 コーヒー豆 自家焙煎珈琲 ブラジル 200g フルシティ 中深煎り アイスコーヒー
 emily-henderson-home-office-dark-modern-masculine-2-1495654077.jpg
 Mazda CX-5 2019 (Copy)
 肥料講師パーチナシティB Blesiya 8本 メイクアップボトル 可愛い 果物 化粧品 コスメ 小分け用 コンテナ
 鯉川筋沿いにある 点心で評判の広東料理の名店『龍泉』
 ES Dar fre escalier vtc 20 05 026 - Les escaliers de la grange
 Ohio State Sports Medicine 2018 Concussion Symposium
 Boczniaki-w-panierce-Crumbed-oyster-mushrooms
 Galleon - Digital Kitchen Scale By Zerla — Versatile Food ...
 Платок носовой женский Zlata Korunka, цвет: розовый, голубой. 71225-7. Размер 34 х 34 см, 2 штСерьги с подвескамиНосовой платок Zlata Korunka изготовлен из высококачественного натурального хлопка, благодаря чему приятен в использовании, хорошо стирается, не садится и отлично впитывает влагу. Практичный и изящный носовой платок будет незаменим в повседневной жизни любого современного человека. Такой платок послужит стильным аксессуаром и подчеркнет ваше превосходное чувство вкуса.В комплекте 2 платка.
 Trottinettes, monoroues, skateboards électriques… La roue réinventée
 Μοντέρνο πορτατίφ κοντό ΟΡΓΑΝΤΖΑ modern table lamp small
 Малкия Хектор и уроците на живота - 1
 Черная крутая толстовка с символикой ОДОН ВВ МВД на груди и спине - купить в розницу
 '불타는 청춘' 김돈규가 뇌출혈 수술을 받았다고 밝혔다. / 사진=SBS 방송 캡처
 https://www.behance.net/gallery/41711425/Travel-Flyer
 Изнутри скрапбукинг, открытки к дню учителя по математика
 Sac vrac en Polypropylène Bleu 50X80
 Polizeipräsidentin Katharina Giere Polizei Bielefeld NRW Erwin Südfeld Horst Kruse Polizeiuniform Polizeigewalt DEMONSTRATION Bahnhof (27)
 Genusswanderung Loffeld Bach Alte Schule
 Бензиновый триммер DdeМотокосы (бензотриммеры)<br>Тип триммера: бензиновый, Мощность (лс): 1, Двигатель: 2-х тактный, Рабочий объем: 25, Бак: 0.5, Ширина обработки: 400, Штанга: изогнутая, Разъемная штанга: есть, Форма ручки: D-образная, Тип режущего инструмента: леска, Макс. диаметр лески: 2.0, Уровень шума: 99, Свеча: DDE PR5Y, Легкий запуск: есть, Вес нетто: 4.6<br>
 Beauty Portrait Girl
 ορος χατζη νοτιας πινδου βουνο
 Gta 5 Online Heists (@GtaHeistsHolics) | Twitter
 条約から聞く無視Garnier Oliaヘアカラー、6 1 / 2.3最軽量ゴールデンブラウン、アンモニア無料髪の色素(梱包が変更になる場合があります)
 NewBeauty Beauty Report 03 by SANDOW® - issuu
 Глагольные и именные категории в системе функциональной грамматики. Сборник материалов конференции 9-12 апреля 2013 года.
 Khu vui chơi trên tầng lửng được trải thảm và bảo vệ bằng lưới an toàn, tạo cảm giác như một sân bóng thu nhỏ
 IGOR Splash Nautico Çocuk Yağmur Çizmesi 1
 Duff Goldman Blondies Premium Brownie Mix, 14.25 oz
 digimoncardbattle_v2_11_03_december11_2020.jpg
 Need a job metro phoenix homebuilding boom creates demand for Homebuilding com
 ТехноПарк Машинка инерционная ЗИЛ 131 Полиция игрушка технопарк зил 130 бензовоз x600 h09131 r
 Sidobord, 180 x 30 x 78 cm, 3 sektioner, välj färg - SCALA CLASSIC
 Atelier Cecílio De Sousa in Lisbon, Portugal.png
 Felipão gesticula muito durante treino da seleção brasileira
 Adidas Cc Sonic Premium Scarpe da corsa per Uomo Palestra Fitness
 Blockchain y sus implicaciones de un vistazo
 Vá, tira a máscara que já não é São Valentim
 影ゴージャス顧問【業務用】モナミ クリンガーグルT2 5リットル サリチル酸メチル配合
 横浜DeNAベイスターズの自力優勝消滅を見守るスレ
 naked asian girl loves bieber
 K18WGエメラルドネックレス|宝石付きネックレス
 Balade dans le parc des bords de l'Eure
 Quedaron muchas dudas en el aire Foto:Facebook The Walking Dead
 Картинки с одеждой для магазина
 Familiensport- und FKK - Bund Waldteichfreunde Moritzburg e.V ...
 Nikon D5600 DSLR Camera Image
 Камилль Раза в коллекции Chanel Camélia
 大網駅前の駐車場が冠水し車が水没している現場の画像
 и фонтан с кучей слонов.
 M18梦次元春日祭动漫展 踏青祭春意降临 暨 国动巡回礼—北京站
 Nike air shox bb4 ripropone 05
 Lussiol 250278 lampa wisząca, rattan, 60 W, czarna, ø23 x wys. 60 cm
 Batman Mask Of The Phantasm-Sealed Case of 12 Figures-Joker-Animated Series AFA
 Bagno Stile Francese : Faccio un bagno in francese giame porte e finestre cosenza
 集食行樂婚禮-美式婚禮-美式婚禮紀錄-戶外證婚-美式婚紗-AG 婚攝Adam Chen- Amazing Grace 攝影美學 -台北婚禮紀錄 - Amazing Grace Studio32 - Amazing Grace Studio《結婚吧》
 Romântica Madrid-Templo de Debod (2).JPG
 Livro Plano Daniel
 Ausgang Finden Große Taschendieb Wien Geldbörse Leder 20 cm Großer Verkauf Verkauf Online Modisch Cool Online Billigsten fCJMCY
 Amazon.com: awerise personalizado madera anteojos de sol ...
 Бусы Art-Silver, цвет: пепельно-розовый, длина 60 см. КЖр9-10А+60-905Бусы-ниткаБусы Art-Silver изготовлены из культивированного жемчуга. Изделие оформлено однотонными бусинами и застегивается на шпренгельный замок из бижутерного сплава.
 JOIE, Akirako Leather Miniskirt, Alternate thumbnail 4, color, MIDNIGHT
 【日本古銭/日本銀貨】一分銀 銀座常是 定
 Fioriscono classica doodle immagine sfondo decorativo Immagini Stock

════

REQUIRED ACTION: Find where "Livro Plano Daniel" occurs in the data, and please write out that line through the last line exactly, with nothing else.

EXERCISE RESULT:
 Livro Plano Daniel
 Ausgang Finden Große Taschendieb Wien Geldbörse Leder 20 cm Großer Verkauf Verkauf Online Modisch Cool Online Billigsten fCJMCY
 Amazon.com: awerise personalizado madera anteojos de sol ...
 Бусы Art-Silver, цвет: пепельно-розовый, длина 60 см. КЖр9-10А+60-905Бусы-ниткаБусы Art-Silver изготовлены из культивированного жемчуга. Изделие оформлено однотонными бусинами и застегивается на шпренгельный замок из бижутерного сплава.
 JOIE, Akirako Leather Miniskirt, Alternate thumbnail 4, color, MIDNIGHT
 【日本古銭/日本銀貨】一分銀 銀座常是 定
 Fioriscono classica doodle immagine sfondo decorativo Immagini Stock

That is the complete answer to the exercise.